Modern Linux kernel memory allocation rules for higher-order page requests
Back in 2012 I wrote an entry on why our Ubuntu 10.04 server had a page allocation failure, despite apparently having a bunch of memory free. The answer boiled down to the the NFS code wanting to allocate a higher-order request of 64 Kb of (physically contiguous) memory and the kernel having some rather complicated and confusing rules for when this was permitted when memory was reasonably fragmented and low(-ish).
That was four and a half years ago, back in the days of kernel 3.5.

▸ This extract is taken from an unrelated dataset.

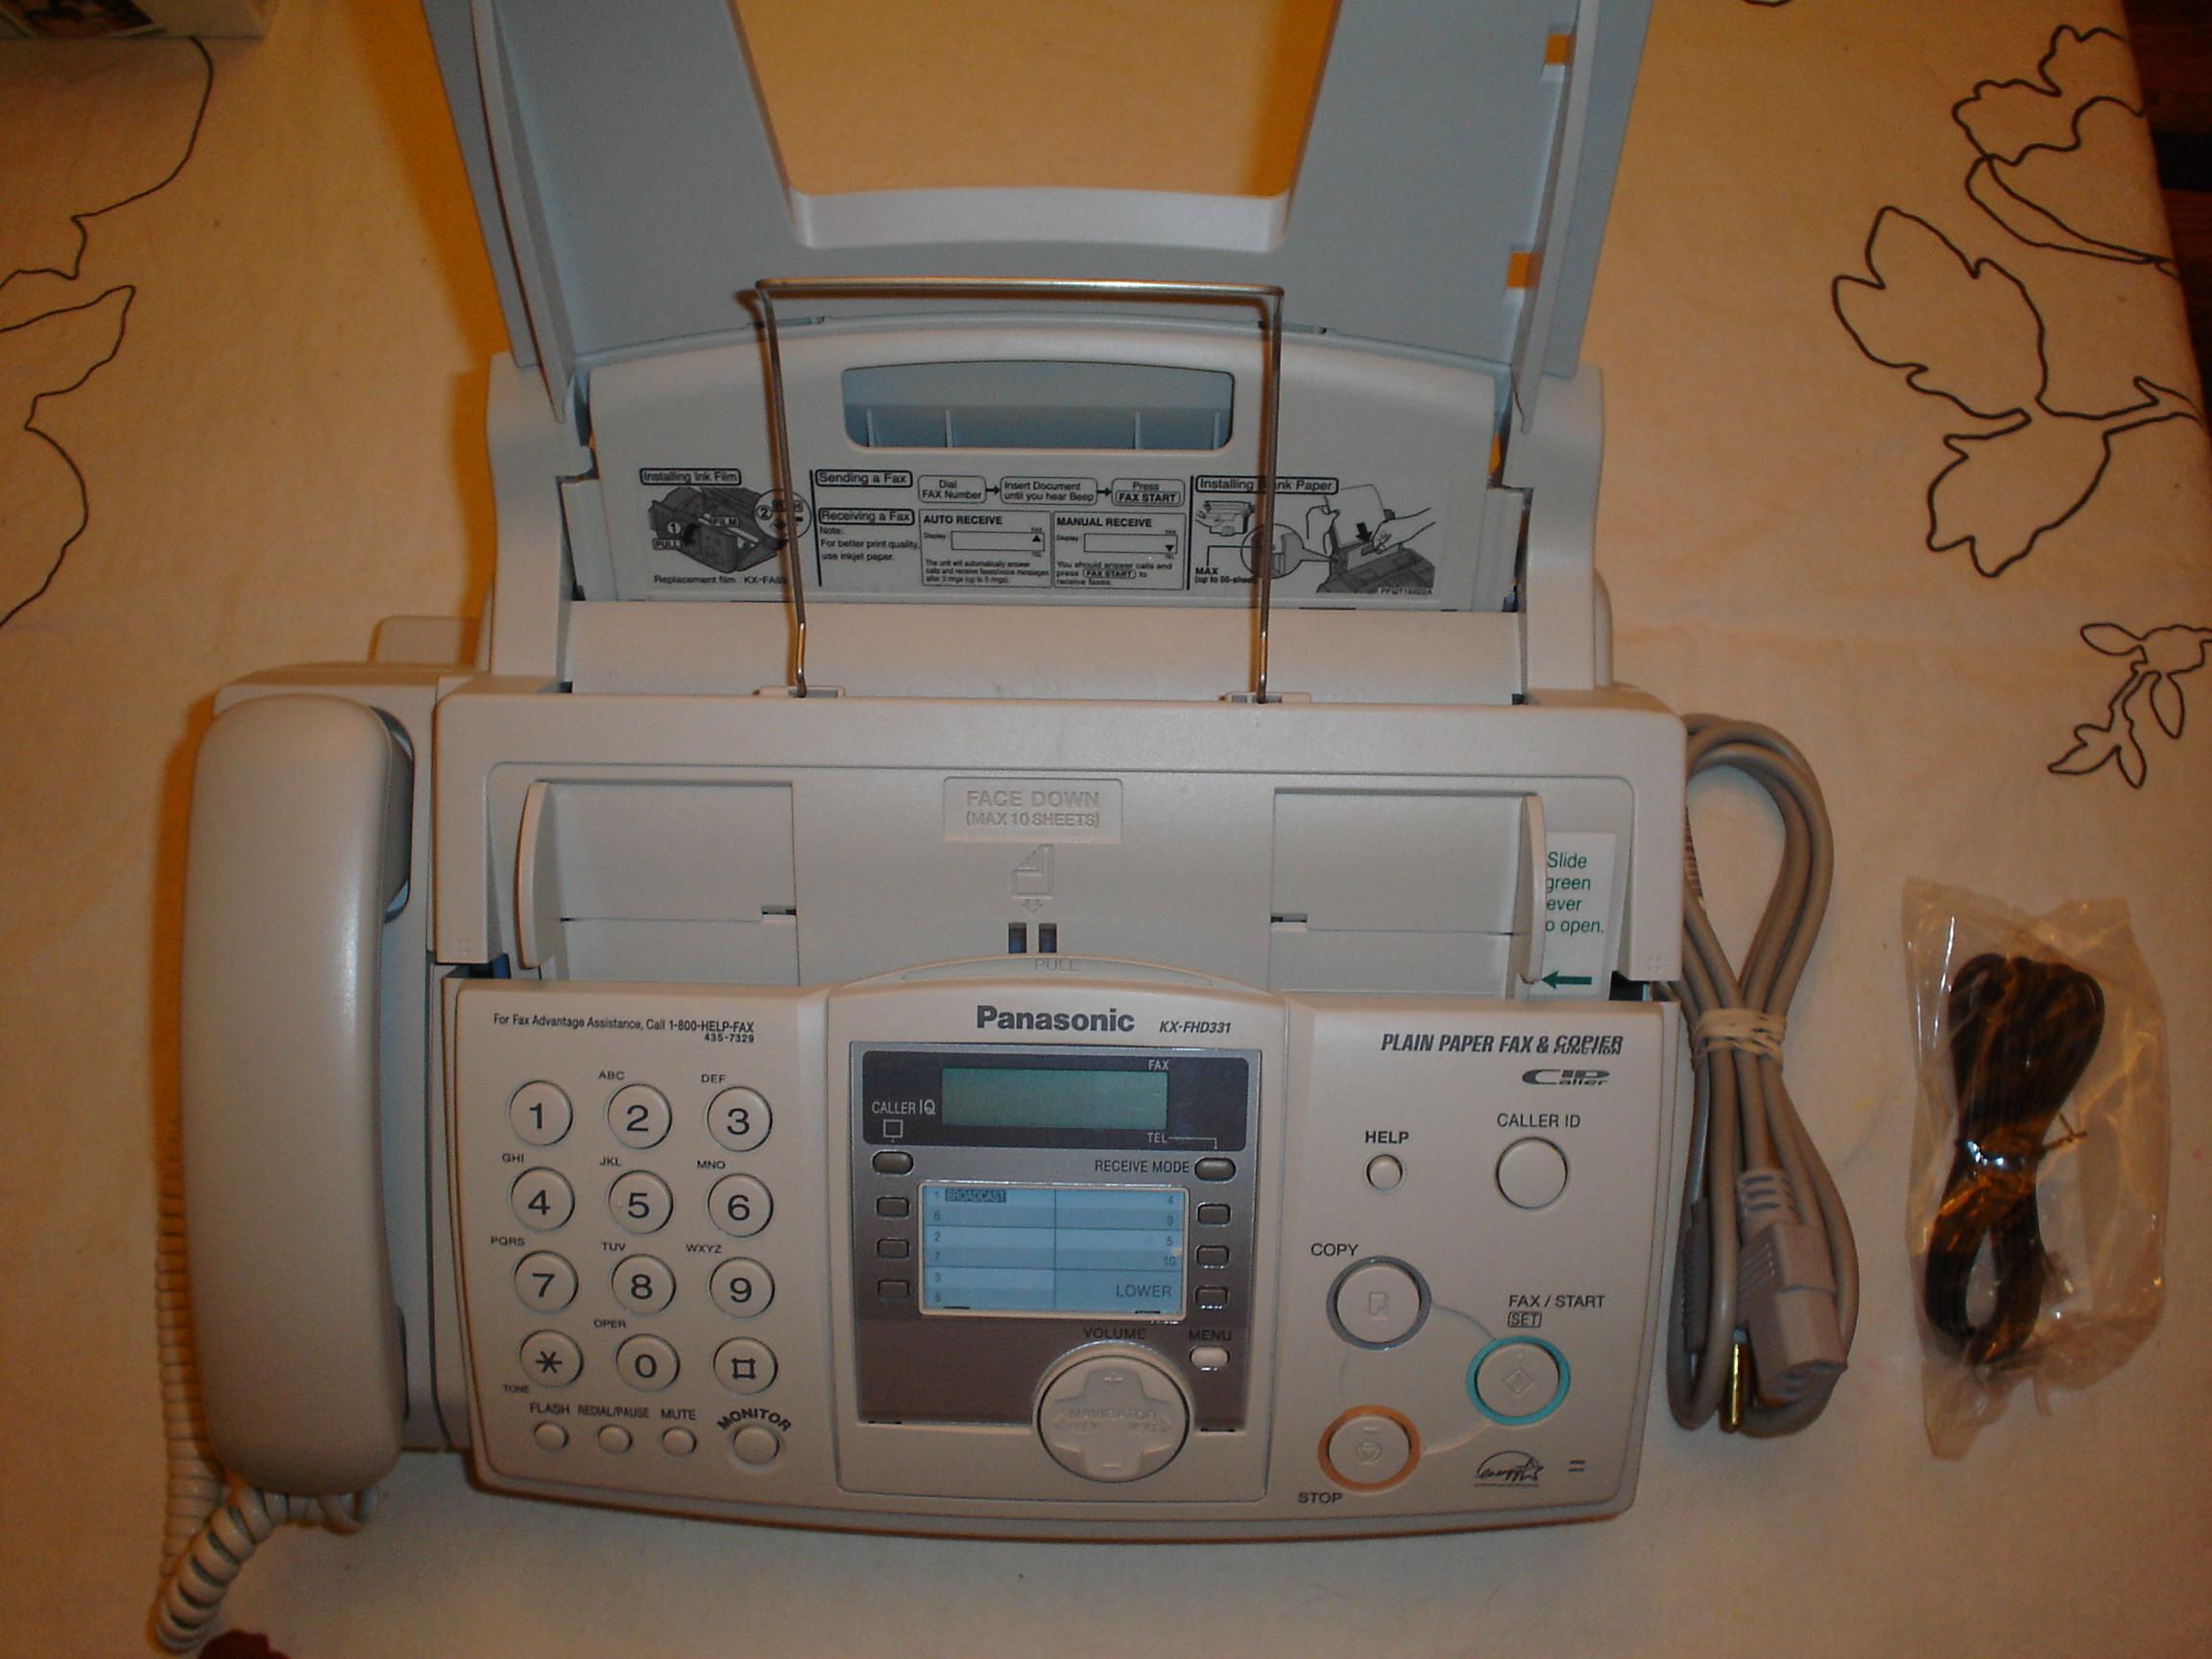 panasonic fax machine kx fhd331 in bargain basement s yard sale rh garagesalehomepage com Panasonic Kx Fhd331 Fax Copier Panasonic Kx Fhd331 Film

Four years is a long time for the kernel. Today the kernel people are working on 4.11 and, unsurprisingly,
things have changed around a bit in this area of code. The function
involved is still called
__zone_watermark_ok() in mm/page_alloc.c,
but it is much simpler today. As far as I can tell from the code, the
new general approach is nicely described by the function's current
Return true if free base pages are above 'mark'. For high-order checks it will return true of the order-0 watermark is reached and there is at least one free page of a suitable size. Checking now avoids taking the zone lock to check in the allocation paths if no pages are free.
The 'order-0' watermark is the overall lowmem watermark (which I
low: from my old entry).
This bounds all requests for obvious reasons; as the code says in
a comment, if a request for a single page is not something that can
go ahead, requests for more than one page certainly can't. Requests
for order-0 pages merely have to pass this watermark; if they do,
they get a page.
Requests for higher-order pages have to pass an obvious additional check, which is that there has to be a chunk of at least the required order that's still free. If you ask for a 64 Kb contiguous chunk, your request can't be satisfied unless there's at least one chunk of size 64 Kb or bigger left, but it's satisfied if there's even a single such chunk. Unlike in the past, as far as I can tell requests for higher-order pages can now consume all of those pages, possibly leaving only fragmented order-0 4 Kb pages free in the zone. There is no longer any attempt to have a (different) low water mark for higher-order allocations.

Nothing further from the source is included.